Wilburton Trestle saw its last regularly scheduled daily-except-Sunday passenger trains (Northern Pacific Nos. 445-446) on July 19, 1922. The train schedule was ended during a national railway strike and never resumed. Several Casey Jones excursion trains crossed the trestle in the 1950s and 1960s. The Spirit of Washington dinner train operated between Renton and Woodinville from May 1992 to July 31, 2007. The last train over the trestle was a BNSF freight carrying Boeing 737 fuselages to Renton, on February 26, 2008. In May 2008 BNSF sold the railway line to the Port of Seattle, which in turn later sold it to King County.

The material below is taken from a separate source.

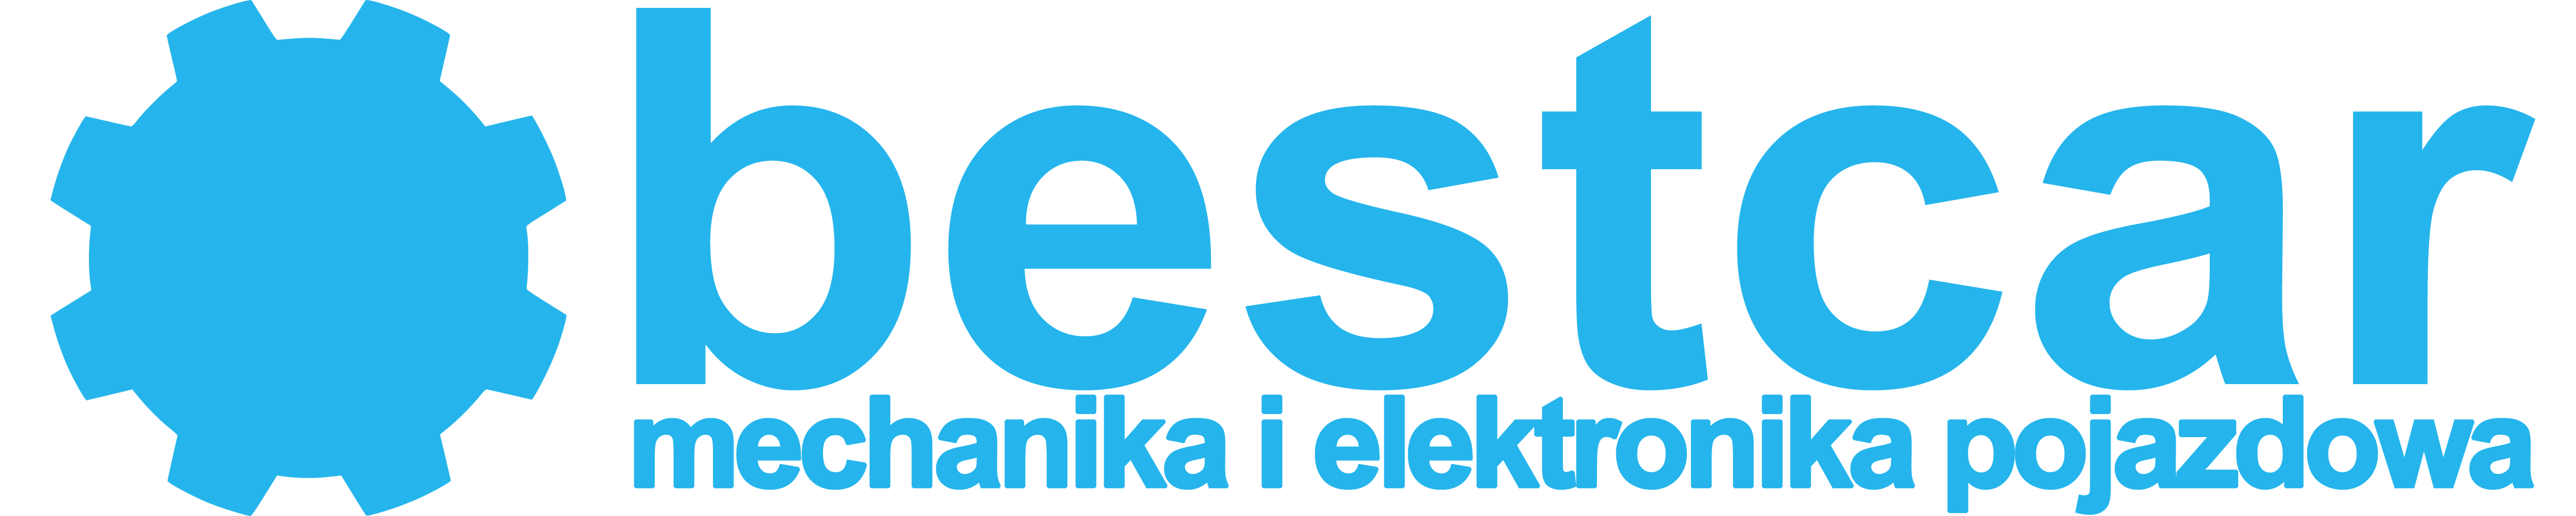 bestcar.pl
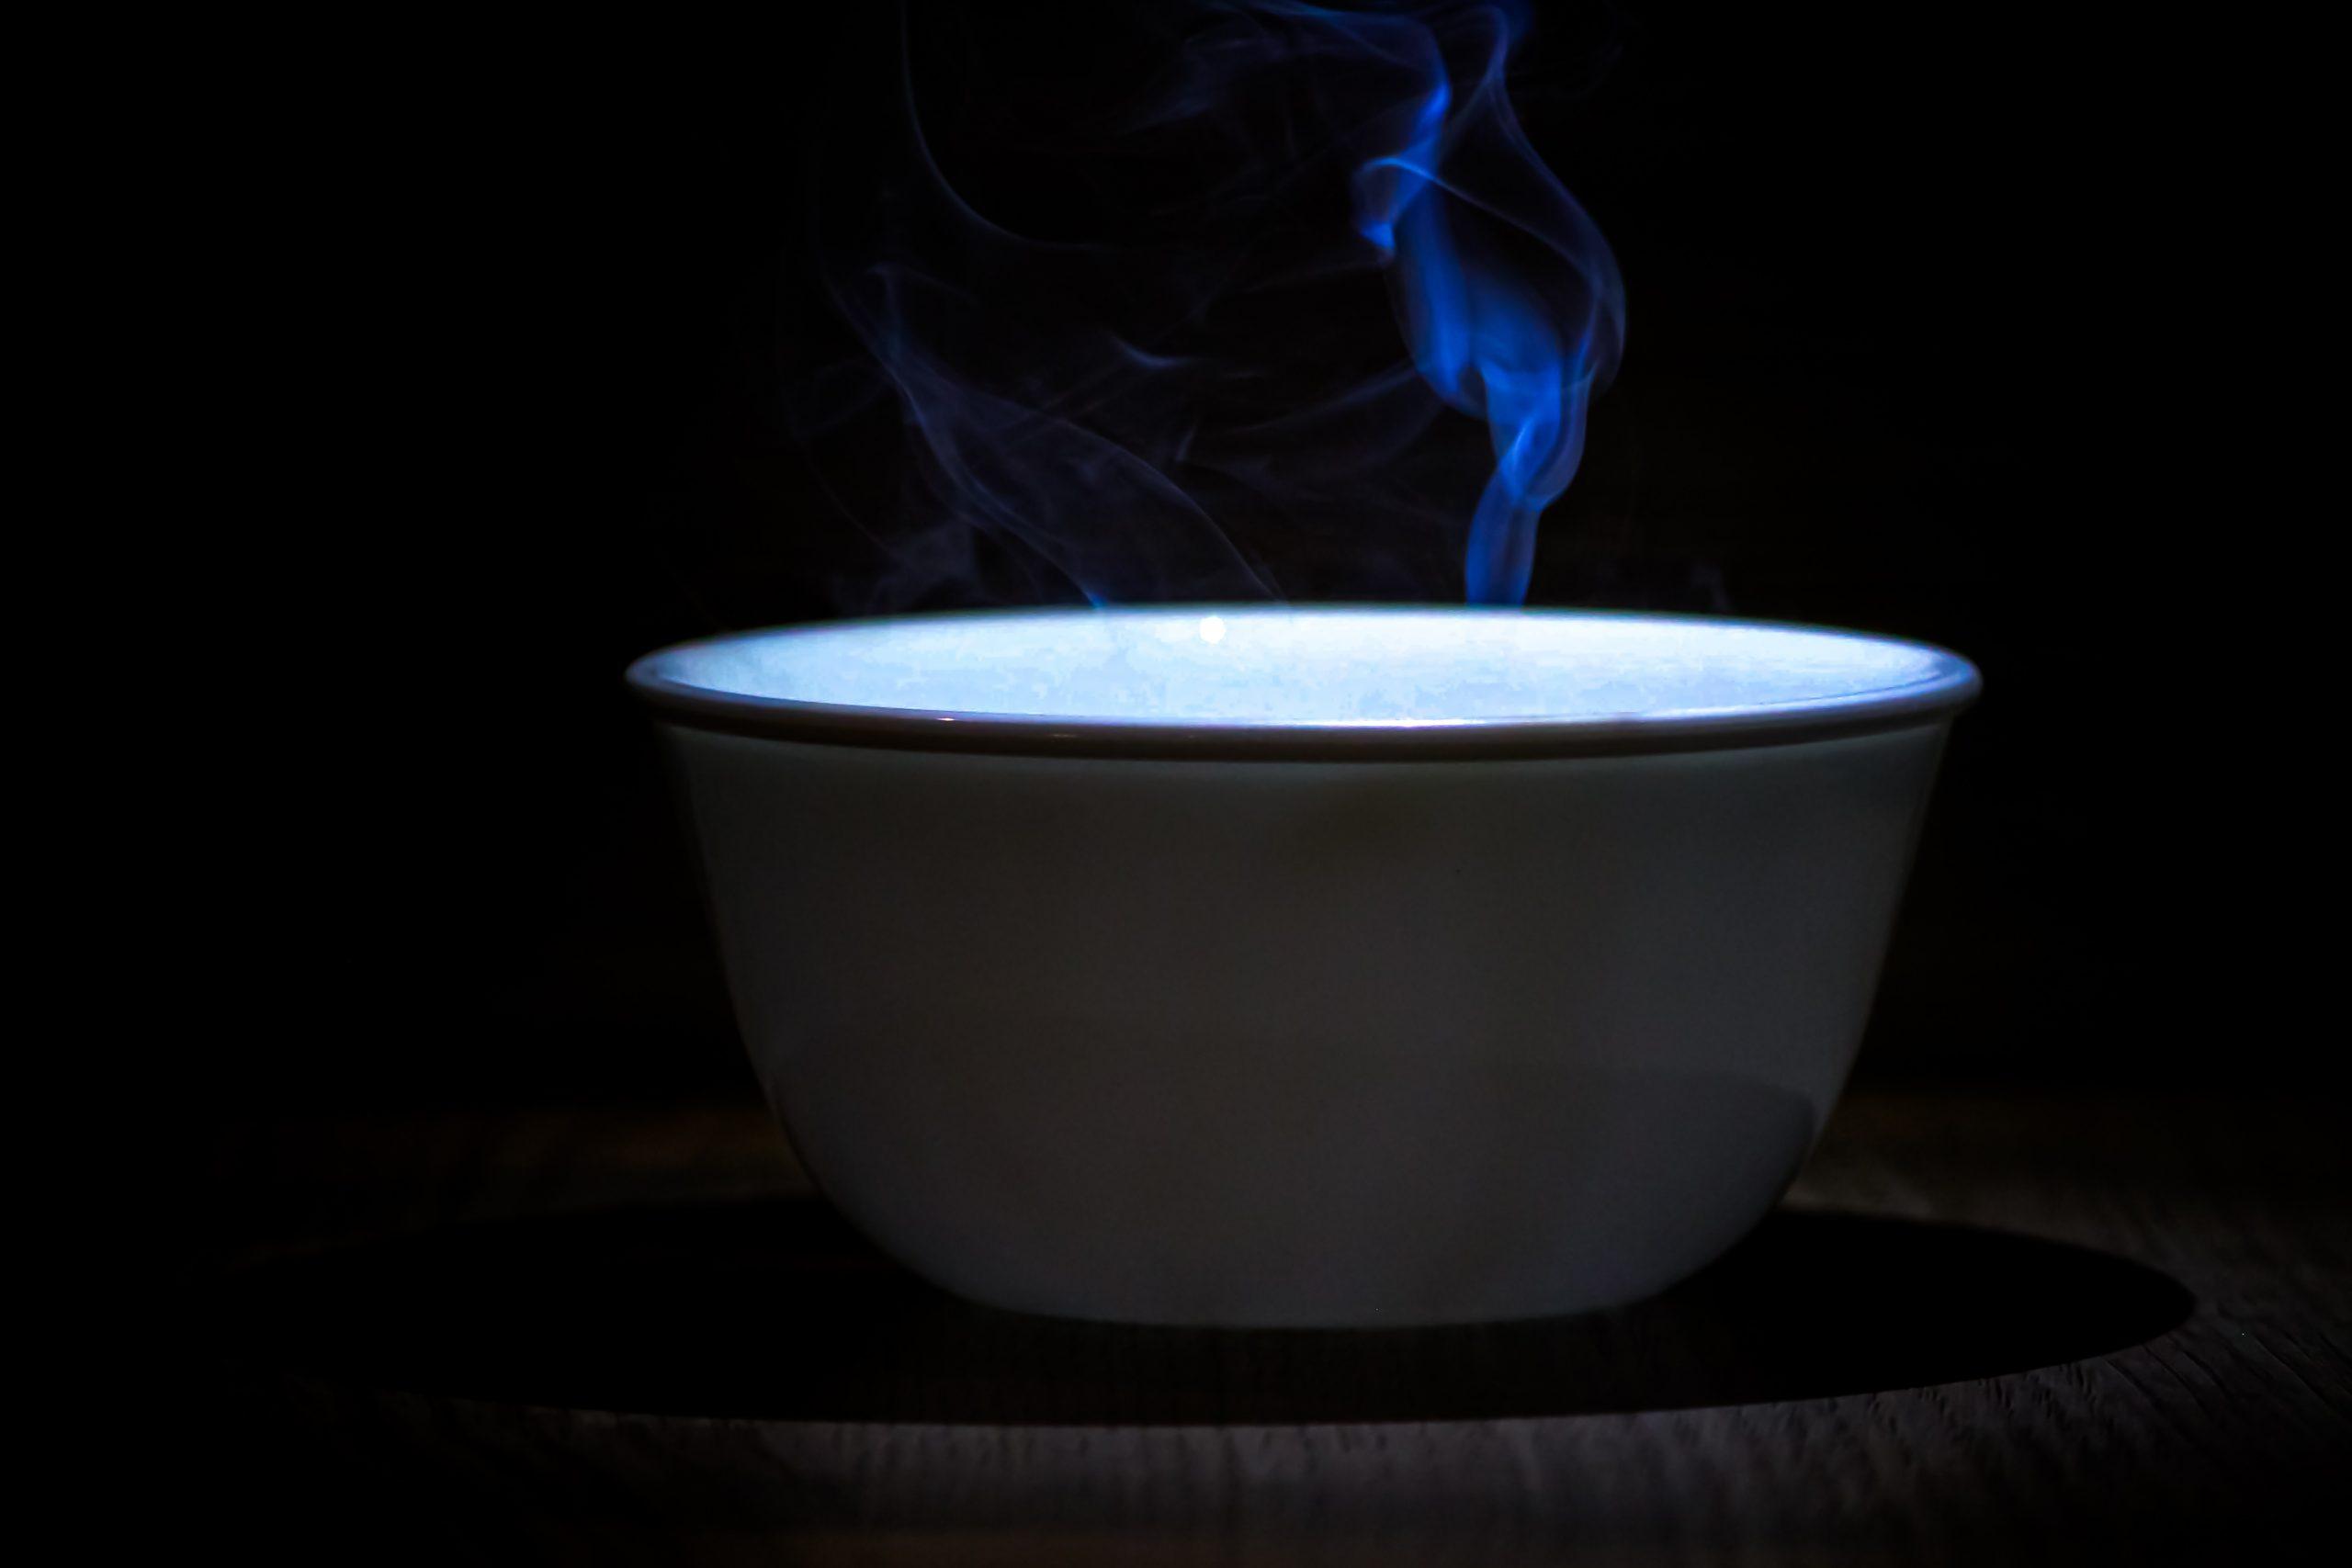 A hot liquid in a bowl

The trestle is a distinctive landmark noticed by travelers on Interstate 405 through Bellevue. While it is believed that this is the trestle pictured in the 1963 Elvis Presley movie It Happened at the World's Fair, further evidence indicates that that trestle was over the White River between Enumclaw and Buckley.

Wilburton Trestle should not be confused with Wilburton Tunnel, which was a tunnel for the southbound lanes of I-405 under the railroad. The tunnel was located about a quarter mile south of the trestle prior to its demolition on August 16, 2008 for freeway improvement and widening.

The trestle is planned to be rehabilitated with deck repairs and seismic upgrades to prepare for its use on the Eastrail pedestrian and bicycle trail network. Construction began in 2024 and is scheduled to be completed in 2027; it is estimated to cost $37 million with funding provided by a county levy, state carbon credits, and grants from Amazon and Kaiser Permanente.